La duchessa brutta


Quentin Massys (1513) Olio su legno – National Gallery, Londra.

La Duchessa brutta è un dipinto di Quentin Massys del 1513. L’opera fa parte di un dittico: la seconda parte è conservata presso il Museo Jacquemart-André di Parigi e rappresenta un uomo anziano di cui non si conosce l’identità.
Il quadro ha ispirato un disegno di John Tenniel nelle illustrazioni del personaggio della Duchessa Brutta nel romanzo Le avventure di Alice nel Paese delle Meraviglie di Lewis Carrol.
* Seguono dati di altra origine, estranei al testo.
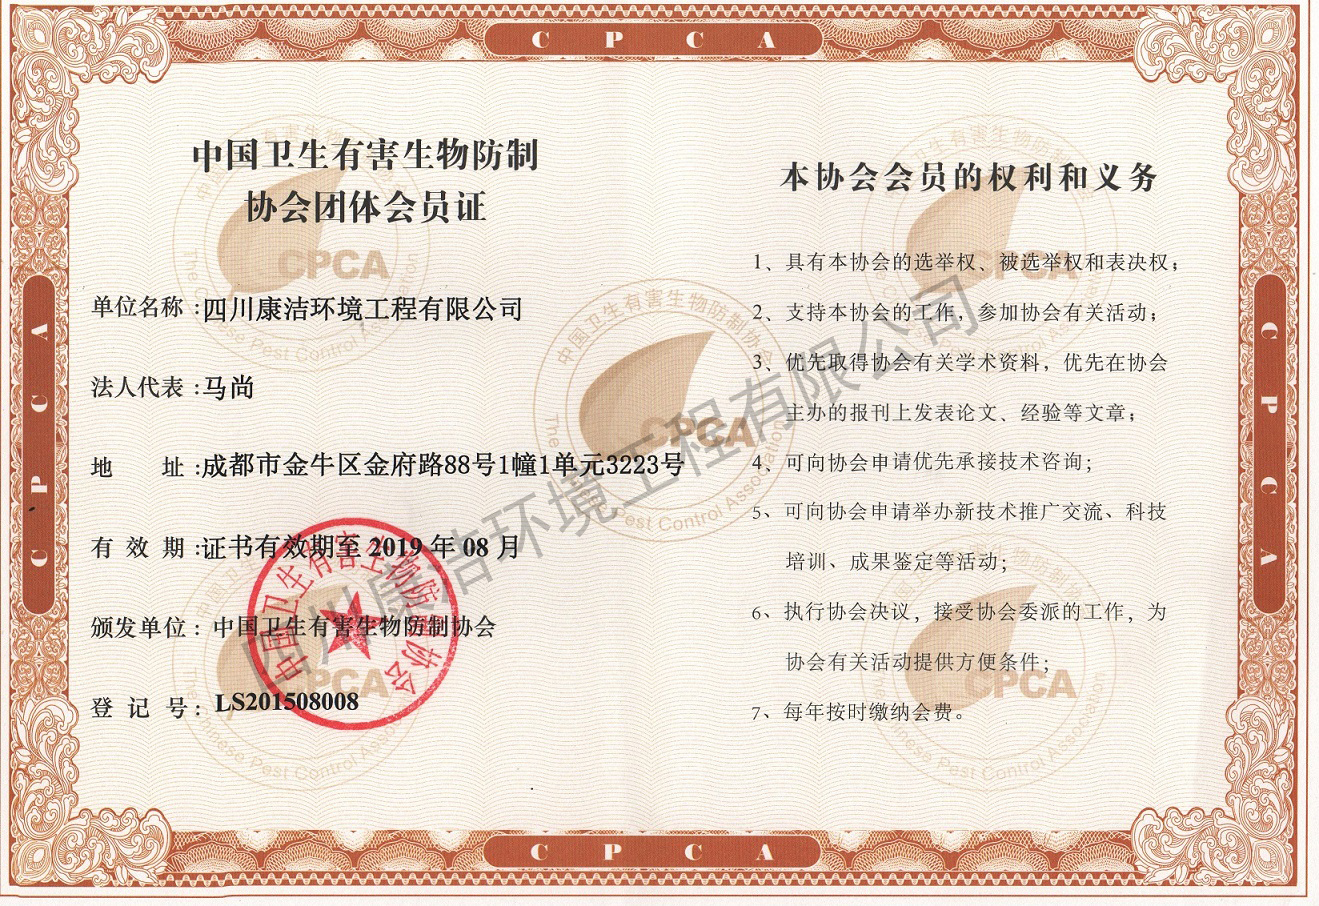 Membership card of China health pest control association
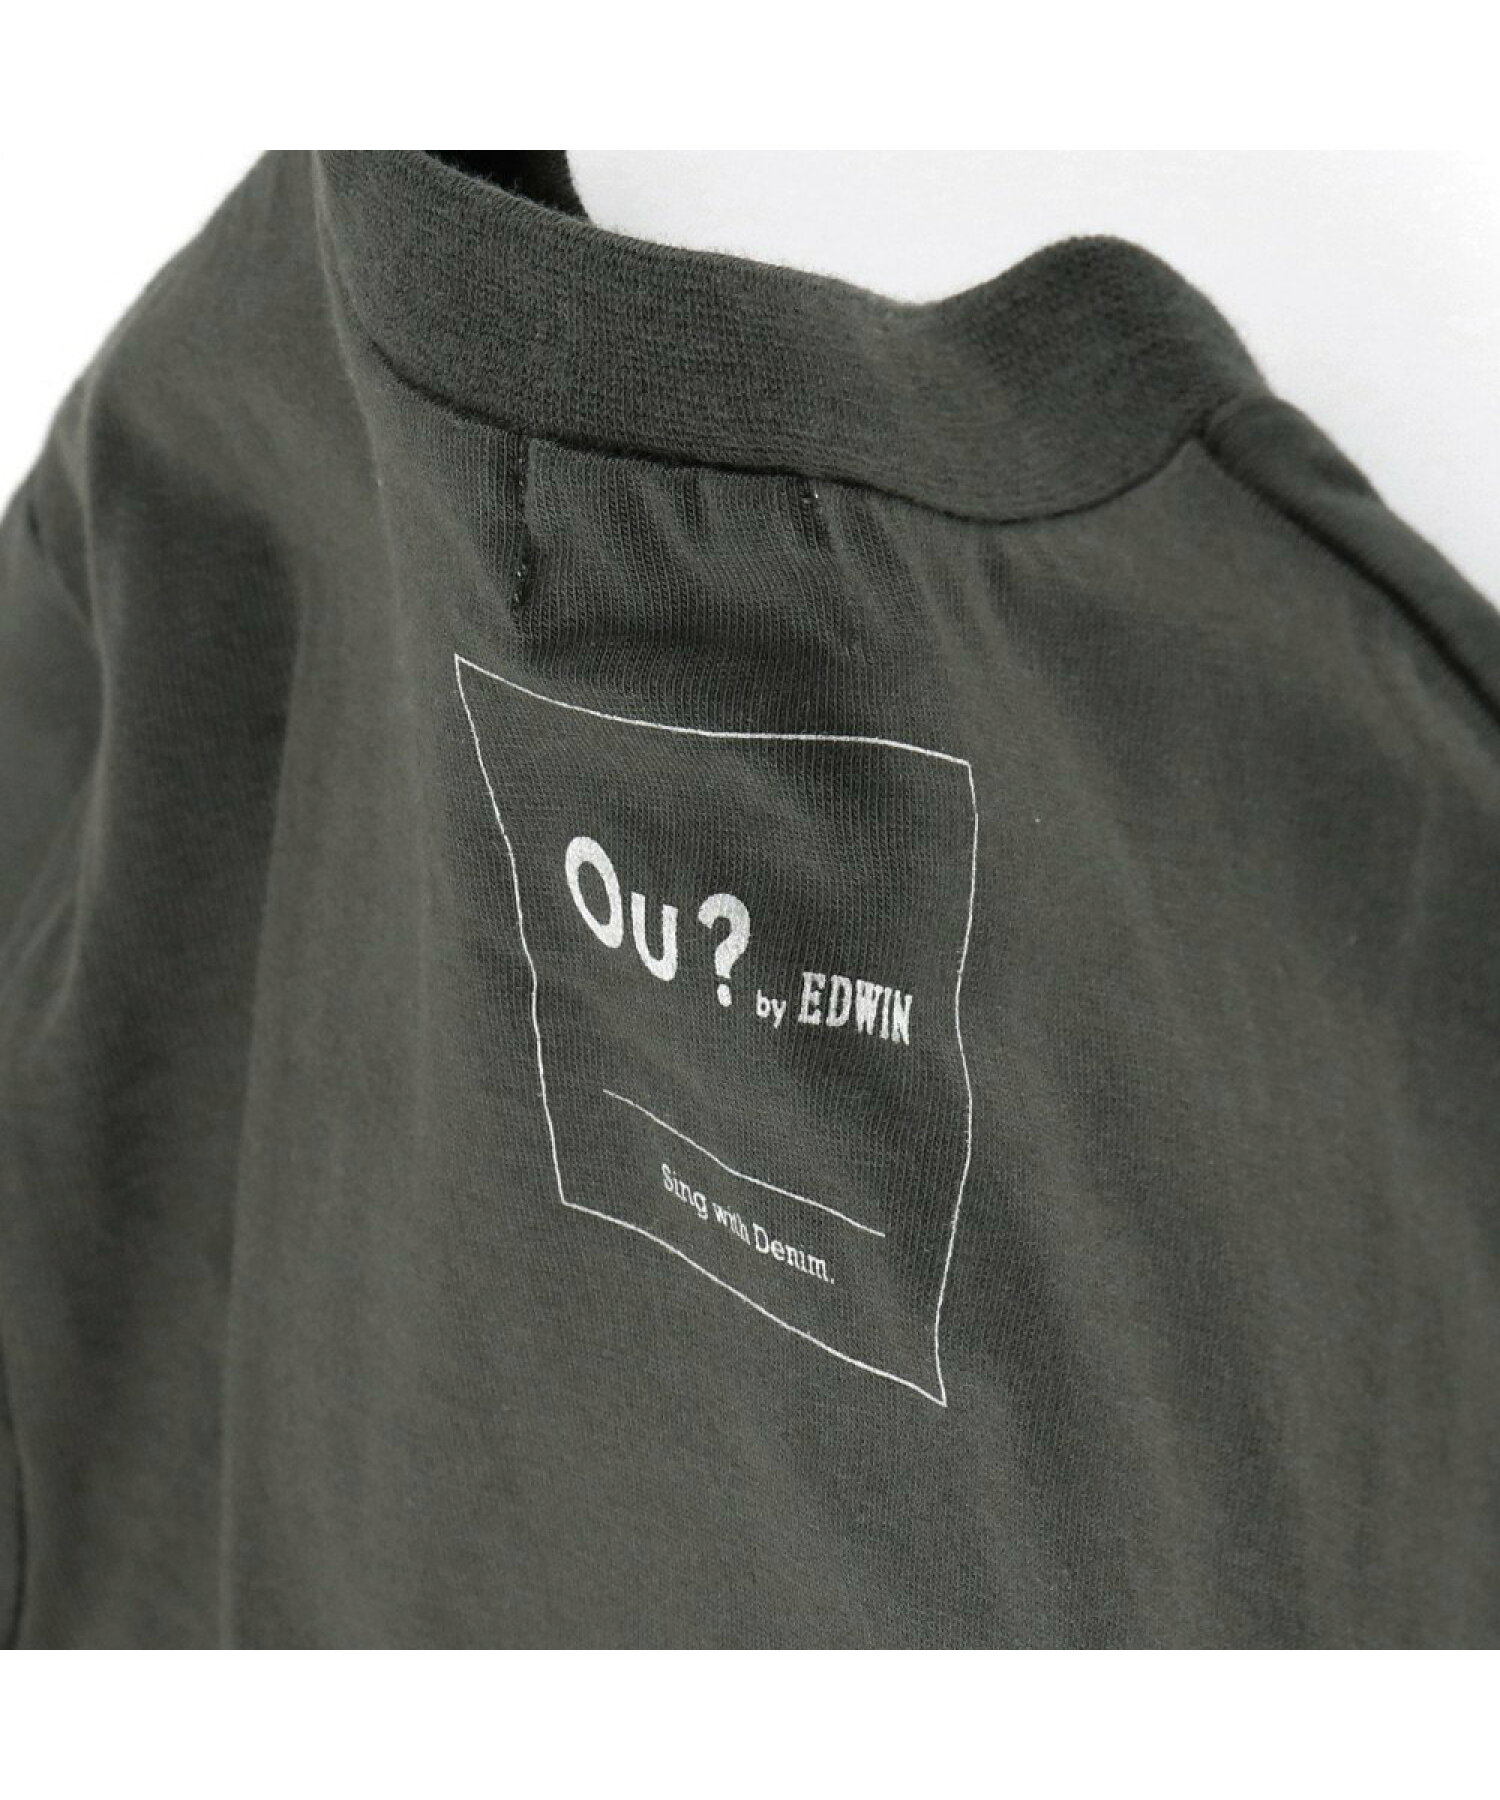 【Ou? by EDWIN】アソート長袖Tシャツ

Il dipinto su tavola di quercia misura 62,4 x 45,5 cm e raffigura una grottesca vecchia con la pelle rugosa e il seno avvizzito. Indossa l’aristocratico copricapo a due corni (Escoffion) della sua giovinezza, fuori moda al momento del dipinto, e tiene nella mano destra un fiore rosso, simbolo di fidanzamento, indicando che sta cercando di attirare un corteggiatore. I critici lo hanno ironicamente descritto come un bocciolo che “probabilmente non fiorirà mai”. L’opera è probabilmente il dipinto più noto di Massys, che raggiunse il vertice della sua tecnica coi già discussi “esattori delle tasse”. A lungo si è pensato che questo dipinto fosse derivato da un’opera perduta attribuita a Leonardo da Vinci, sulla base della sua sorprendente somiglianza con due disegni caricaturali di teste comunemente attribuiti all’artista italiano, ma la critica più recente ritiene – al contrario – che le caricature leonardesche siano basate sul lavoro di Massys, di cui si sa che scambiò disegni con il grande genio italiano. Vi è una possibile influenza letteraria del saggio di Erasmo da Rotterdam “L’elogio della pazzia” (1511), che ironizza sulle donne che “fanno ancora le civette”, “non riescono a staccarsi dai loro specchi” e “non esitano a mostrare i loro ripugnanti seni appassiti”. La donna è stata spesso identificata come Margherita, contessa del Tirolo, ritenuta brutta dai suoi nemici, ma che tuttavia era morta 150 anni prima. Un articolo del 1989 pubblicato sul British Medical Journal ipotizzava che il soggetto potesse soffrire del morbo di Paget, in cui le ossa della vittima si allargano e si deformano. Un suggerimento simile è stato avanzato da Alvaro Botafogo von Raumschein, professore emerito di chirurgia presso la Universitad Nacional de Santa Fe (Argentina).
Alcuni critici dell’Accademia di Trou de Balle, come ad esempio il de la Fente (Marius de la Fente, « Les femmes les plus horribles de la peinture flamande”, Acad. de Trou de Balle, Perpignan, 1988) sostengono che il quadro sia stato dipinto nel periodo in cui il grande manierista fiammingo assumeva funghi psilocybe e altre porcherie che un cugino gli aveva portato da una spedizione in America centrale. Si narra che gli stati estatici in cui cadeva gli facevano vedere accadimenti del futuro, come in questo caso in cui la visione che poi fissò sulla tavola era quella del presidente Pertini travestito da donna a un ballo in maschera.
Il ritratto ricorda anche il grande spavento che il mi’ cognato Oreste si prese allorquando la moglie Argìa invitò sua sorella Veronica, tornata dopo trent’anni dal Sudafrica, a passare il Natale da loro. La donna bussò all’uscio e quando il poveruomo le aprì per poco non ebbe una sincope a vedere riunita così tanta bruttezza in una sola persona, sicché esclamò: “Uìmmena, ma chi sei? Toni Capuozzo al carnevale di Venezia?”. Inutile descrivere il dolore causato dalla sedia Luigi XV che la moglie gli troncò sulla schiena.